Potential rival issues no direct challenge to Netanyahu, says he wants to strengthen party
Former Likud minister Gideon Sa’ar, widely seen as a major potential challenger to Prime Minister Benjamin Netanyahu from within the ranks of the party, announced his political comeback at the party’s headquarters in the northern city of Acre on Monday.
Sa’ar resigned from the Knesset in October 2014, saying he wanted to spend more time with his family, and his comeback has been the topic of speculation ever since.
Speaking to Likud members and activists at a pre-Passover toast in the Likud Party’s Acre branch, with pictures of former prime minister Menachem Begin and Zionist pioneer Theodor Herzl on the wall behind him, Sa’ar said, “I came here this evening to say to you: The time out is over.”
“I am returning to public and political life, for the sake of the Likud, for the sake of the people of Israel and for the sake of the state. My goal is to strengthen the Likud in the face of its challenges and to ensure that the Likud is the party of the future,” he said.
The announcement came as Netanyahu has been beset by political troubles from within his party and elsewhere, days after he threatened to call new elections over the objection of Likud colleagues, and with two police investigations calling his political future into question.
New elections are not scheduled until November 2019, with the Likud primaries set for half a year earlier. But recent tension within the coalition has prompted rumors that elections, and primaries, will be held earlier than planned.

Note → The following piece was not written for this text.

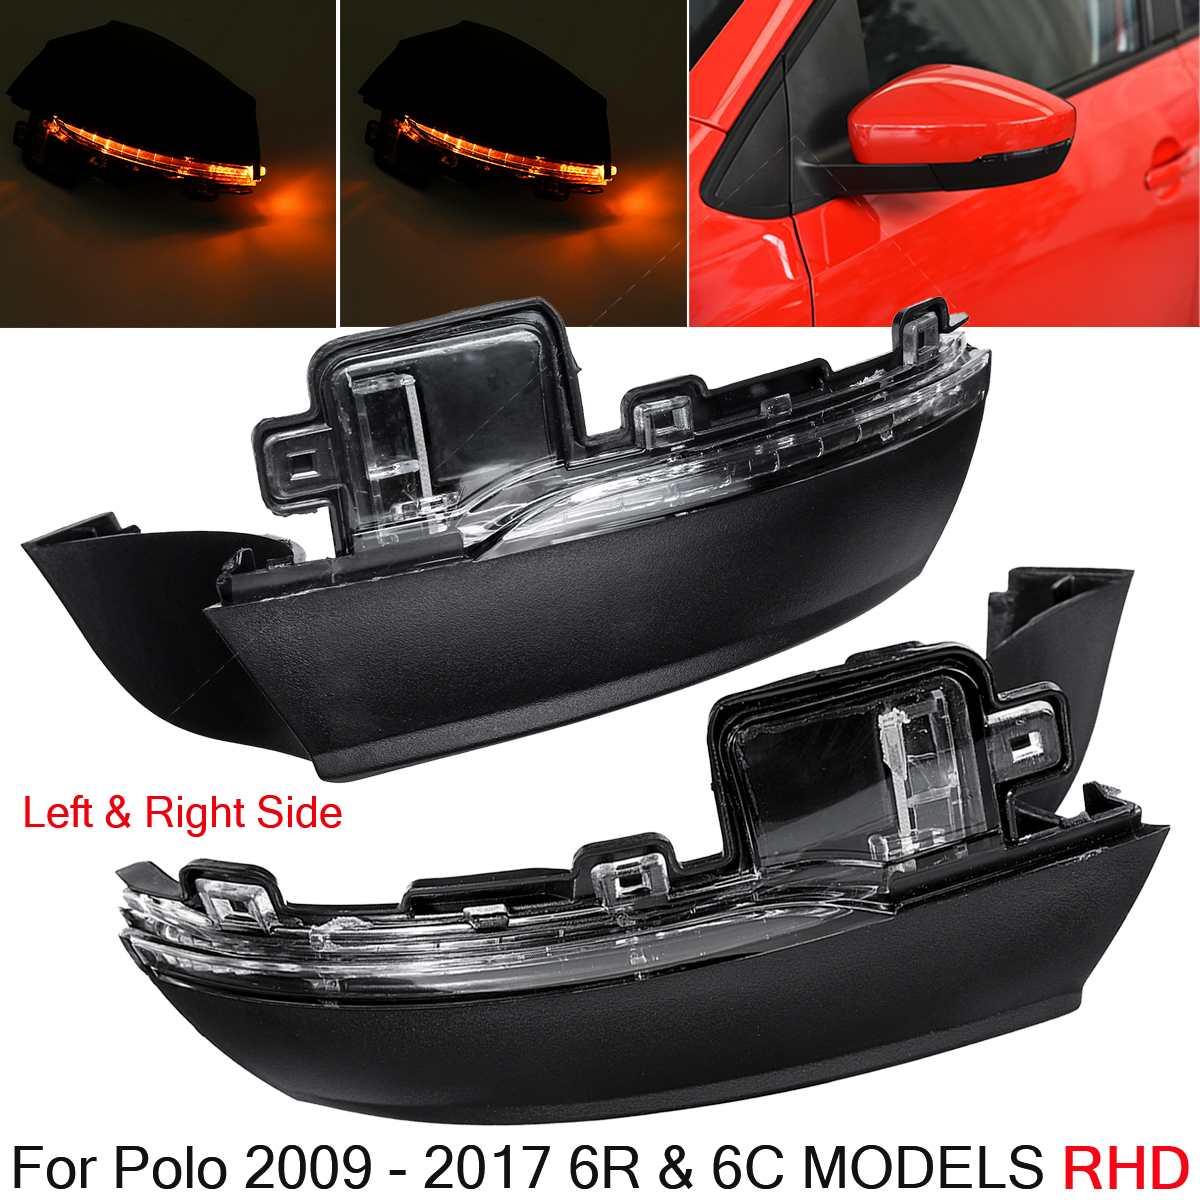 2X Specchio Auto del Segnale di Girata LED Specchietto retrovisore Laterale Indicatore di Direzione Lampeggiante Ripetitore Luce 6R0949101 6R0949102 per VW Polo 6R 6C

Sa’ar, a popular former education and interior minister with a strong following in Likud, said the upcoming Passover festival, also known as “the festival of freedom,” was a time for introspection about the future of the Likud party and the country.
“We must ask ourselves: Who are we? As a country, as a people, as the Likud,” he said. “We can sense a danger of a return to the same old demand of Israel to withdraw to the ’67 borders, something that we believe, and have always believed, would be a great danger to Israel and a danger to its security. In the face of this challenge, we must strengthen the country and strengthen the Likud as the central national political party in Israel.”
“Two and a half years ago, I decided to take time off from political life after nearly 20 consecutive years of public service. I wanted to be with the family, and I wanted to deal with other challenges, but all good things come to an end.”
The coalition crisis between Netanyahu with Finance Minister Moshe Kahlon over the new public broadcaster — known as “Kan” — was resolved late last week with a deal that would see the news division separated from the corporation, its workers laid off, and most of the openings filled with former Israel Broadcasting Authority employees.
Among those expected to be fired as part of the deal is Geula Even, Sa’ar’s wife, who signed on as an anchor.
Sa’ar’s 2014 resignation was accompanied by reports of frayed ties with Netanyahu, but he had only praise for the prime minister Monday on his handling of the Obama administration during nearly a decade of often turbulent ties with Washington.
“We went through eight not-so-simple years with a [US] government that didn’t see things eye-to-eye the way we saw them. I want to commend Prime Minister Netanyahu who stood up under the pressure during that period in an aggressive manner and protect out interests during those years.”
Sa’ar served as education minister from 2009 to 2013, and in the previous government was interior minister until he resigned.
In February, Sa’ar confirmed he would return to the Likud, but would not commit to a time frame.
Although absent from political life for over two years, Israeli opinion polls frequently include Sa’ar in their surveys on the candidates best suited for the premiership. In a January poll by Channel 2, which evaluated the most likely successor to Netanyahu should he resign over corruption allegations, Sa’ar tied with Jewish Home leader Naftali Bennett at 10 percent, trailing behind Yesh Atid leader Yair Lapid who received the most support with 17%.
Sa’ar is regarded as more hawkish than Netanyahu and is considered to be emblematic of the party’s younger conservative bloc.